Father Seamus explains that he placed the amulet in the basement of the home, and their disturbing of it unleashed supernatural energy, which was conjured by James and Marion Laundrigan, whom he claims practised black magic there. After Father Seamus completes a ritual, they discover Aubrey trapped behind the wall where Colleen's remains were found, and break it down to save her. After Father Seamus and Amy leave, Maura confronts Will, accusing him of having affection for Amy, which he denies. That night, Maura has a dream of Will taunting her while having sex with Amy. The following morning, as the family prepares to leave to return to California, Maura has a vision of Will having sex with Amy on the family car. Convinced the encounter actually occurred, she locks him out of the house and seals herself inside with Aubrey.

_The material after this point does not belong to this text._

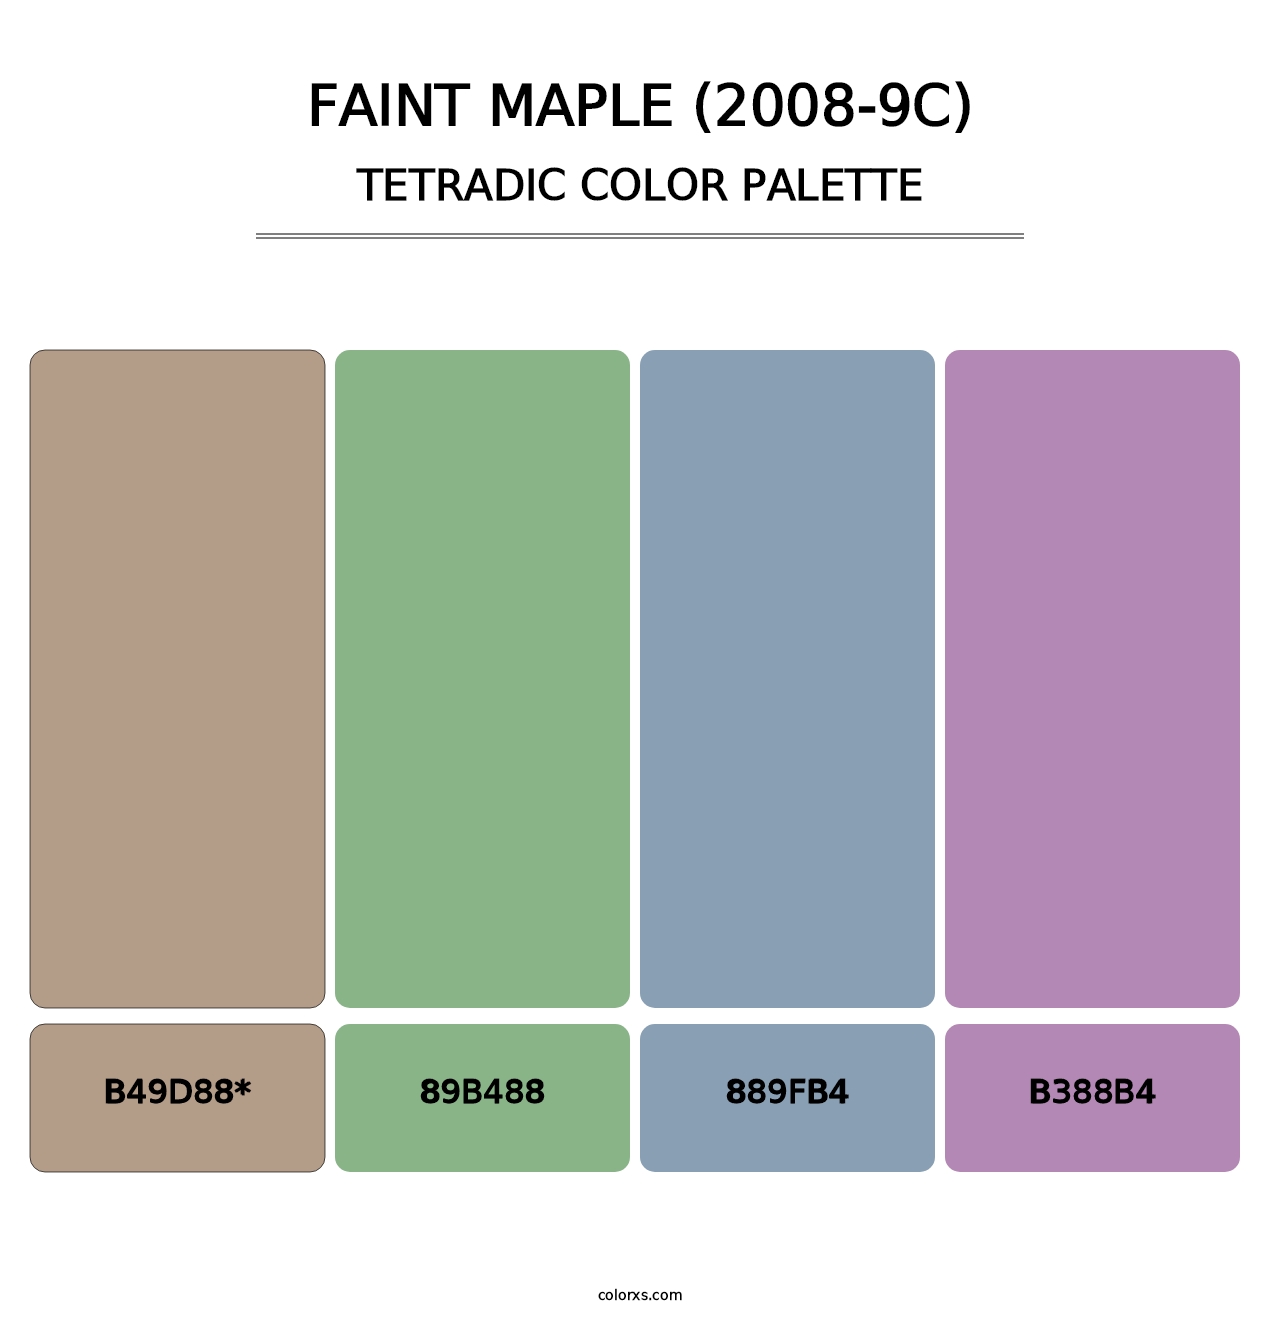 Faint Maple (2008-9C) - Tetradic Color Palette

Apparently possessed, Maura locks Aubrey in her bedroom. Will goes to consult Father Seamus at the church, but finds him dead, kneeling at the altar. Meanwhile, Aubrey witnesses an apparition of Colleen before Maura attacks her with a cleaver. Will returns to the house, armed with a dagger left by Father Seamus, and manages to break inside, where he is attacked by Maura, armed with the cleaver and knives. Will wrestles Maura to the ground before stabbing her in the chest with the dagger. After, a beam of light emanates from the wound, and Maura awakens, healed and restored to her former self. The house suddenly begins to crumble around the three and they flee outside, where they witness it burst into a blazing inferno.

==Reception==
Caryn James of The New York Times said the film has "a few effectively scary moments, but it's more like a cut-rate version of The Exorcist than a real Roger Corman film. It's not for the fainthearted or the children." TV Guide awarded it two out of five stars, noting it as "an efficient shocker that should please fans of the genre, despite the fact that it offers nothing that hasn't been seen in dozens of similar films. The element of marital tension is just enough to unsettle the predictability of the family-in-peril mechanics (not to mention providing an excuse for some supernatural sexual shenanigans to spice up the proceedings)."